I have the following solution and would appreciate some input as to whether or not my work along with my answers is correct.
(a) What are $E(Y|N)$ $E(Y)$ $var(Y|N)$ $var(E(Y|N)$ and $var(Y)$
$$E(Y|N)=E(X_1+...+X_n|N)=\frac{1}{p}N$$ $$E(Y)=E(E(Y|N))=E(\frac{1}{p}N)=\frac{1}{p}E(N)=\frac{1}{p^2}$$ $$var(Y|N)=E(Y^2|N)-(E(Y|N))^2=\frac{1}{p^2}N-(\frac{1}{p}N)^2=\frac{N-N^2}{p^2}$$ $$var(E(Y|N))=var(\frac{1}{p}N)=\frac{1}{p}var(N)=\frac{1}{p}\frac{1-p}{p^2}=\frac{1-p}{p^3}$$ $$var(Y)=var(E(Y|N))+E(var(Y|N))=\frac{1-p}{p^3}+E(\frac{N-N^2}{p^2})=\frac{1-p}{p^3}+\frac{1}{p^2}E(N)-\frac{1}{p^2}E(N^2)=\frac{1-p}{p^3}+\frac{1}{p^2}\frac{1}{p}-\frac{1}{p^2}E(N^2)$$ $$E(N^2)=Var(N)+E(N)^2=\frac{1-p}{p^2}+\frac{1}{p^2}=\frac{2-p}{p^2}$$ $$var(Y)=\frac{1-p}{p^3}+\frac{1}{p^2}\frac{1}{p}-\frac{1}{p^2}\frac{2-p}{p^2}=\frac{2-p}{p^3}-\frac{2+p}{p^4}$$
(b) What is the moment generating function of $Y$?

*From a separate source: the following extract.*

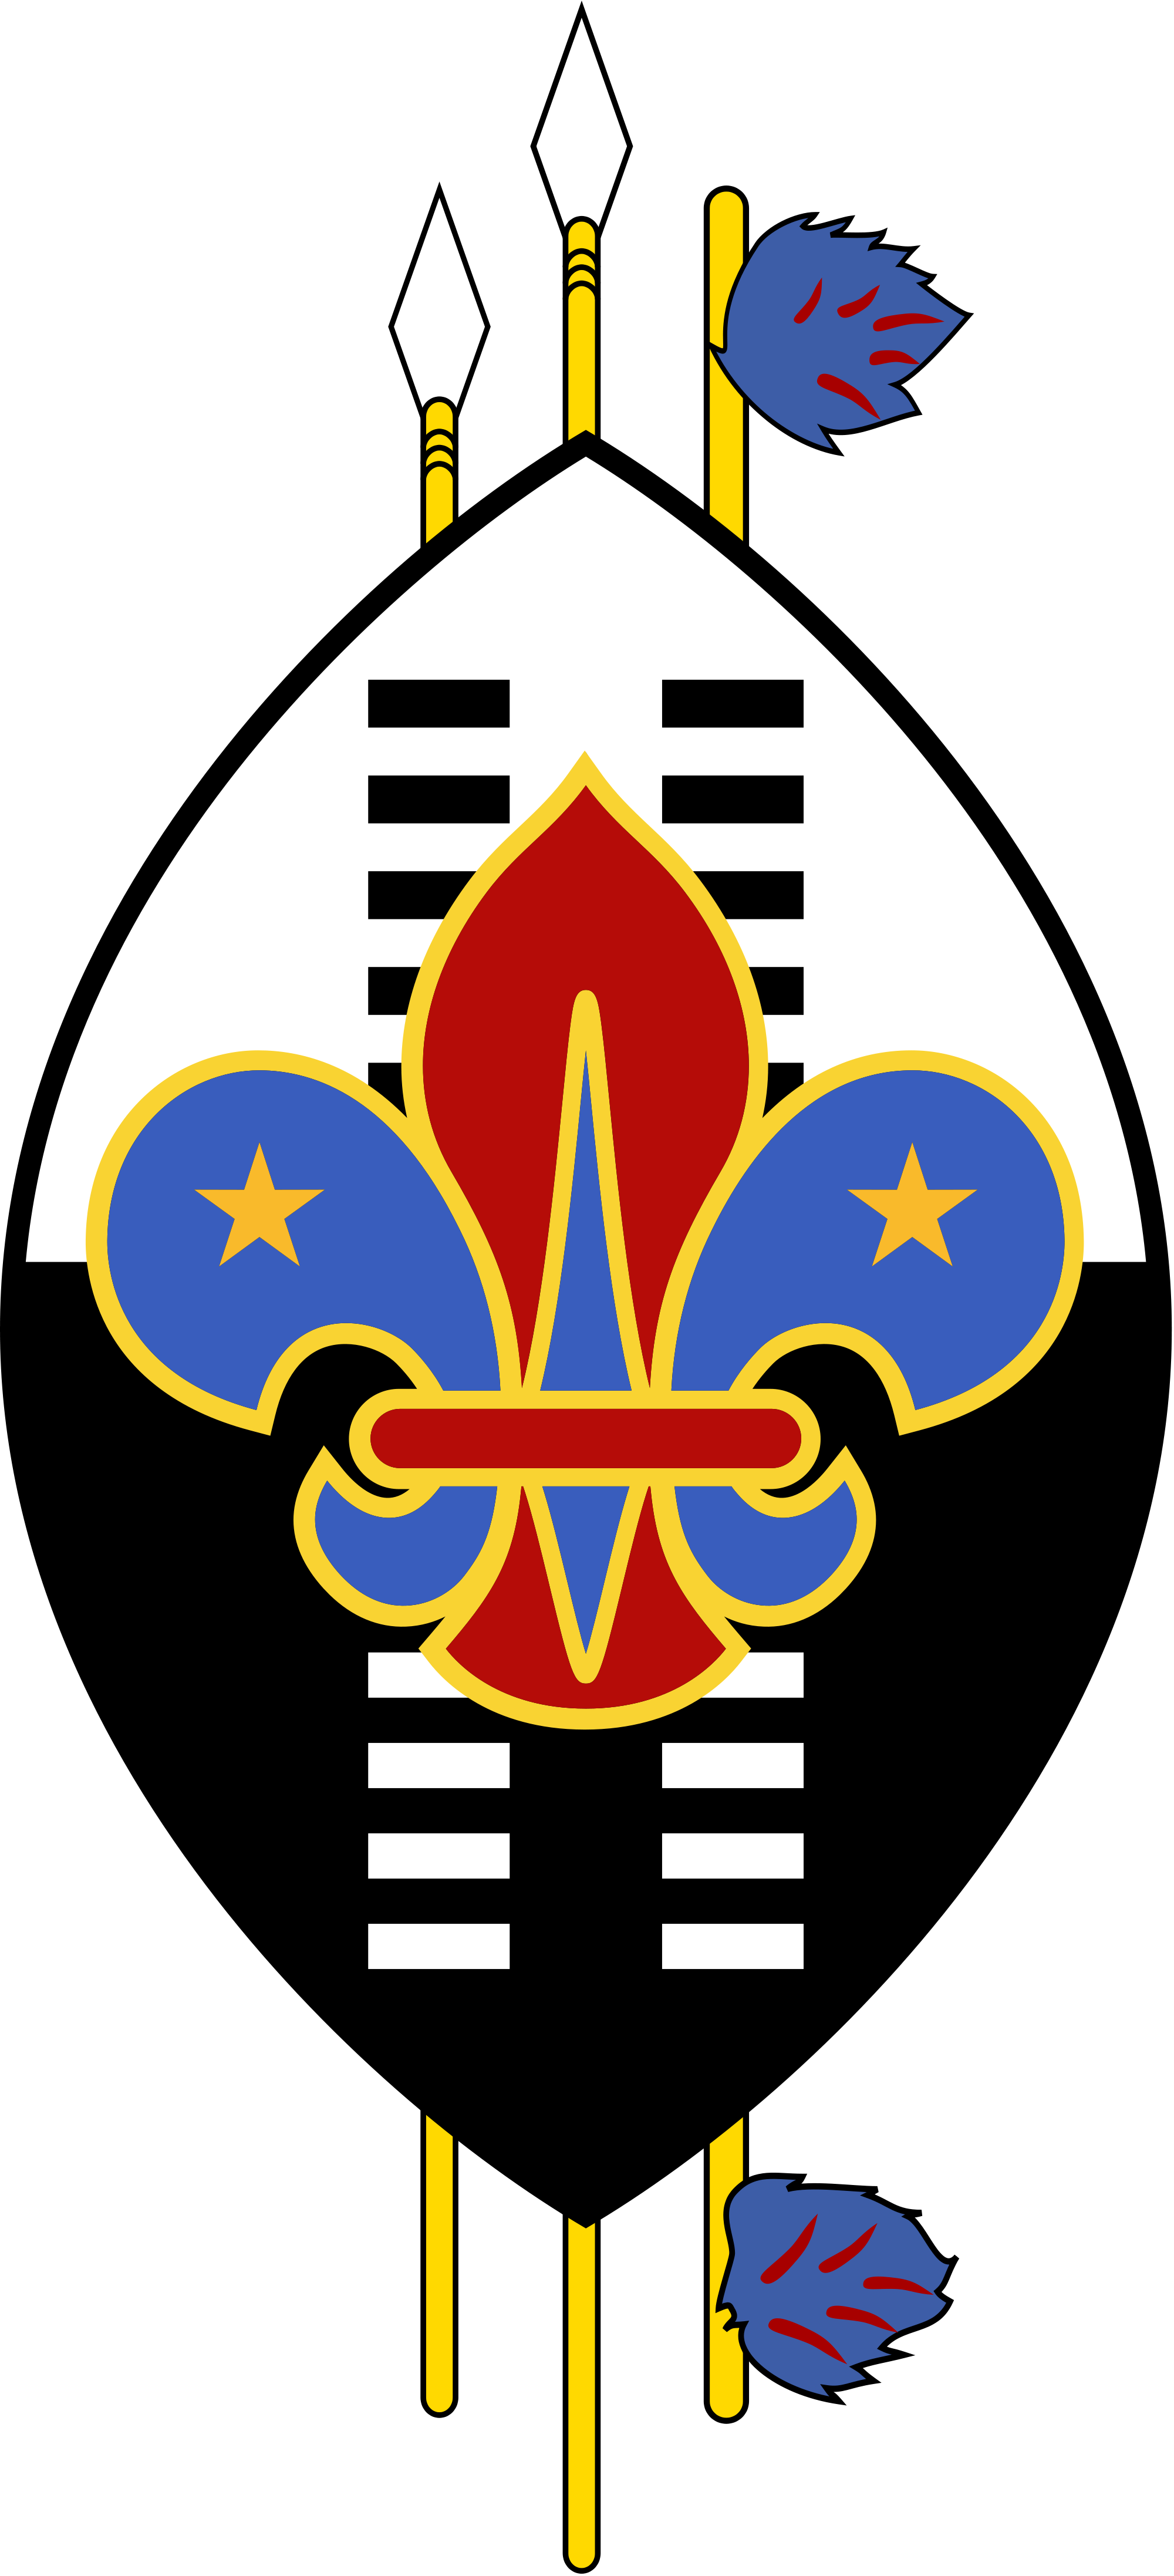 Fileswaziland Boy Scouts Association - Nigeria Boys Scouts (2000x4388)

$$M_Y(s)=E(e^{sk})=\sum_{k=1} ^\infty p(1-p)^{k-1}e^{sk}=$$
Not sure what to do from here.
Hint 1: $\mathsf {Var}(N)=\mathsf E(N^2)-\mathsf E(N)^2$
Hint 2: $\mathsf M_Y(s) ~{=~ \mathsf E(e^{sY}) \\= \mathsf E\big(\mathsf E(e^{sY}\mid N)\big)\\=~\mathsf E\big(\mathsf E(e^{s\sum_{k=1}^N X_k}\mid N)\big)\\ =~\mathsf E\big(\prod_{k=1}^N\mathsf E(e^{sX_k})\big) \qquad\text{(why fore?)} \\ =~ \mathsf E\Big(\big(\mathsf E(e^{sX_1})\big)^N\Big)\\=~\mathsf E\big(e^{N\ln\mathsf E(e^{s X_1})}\big)\\~\vdots}$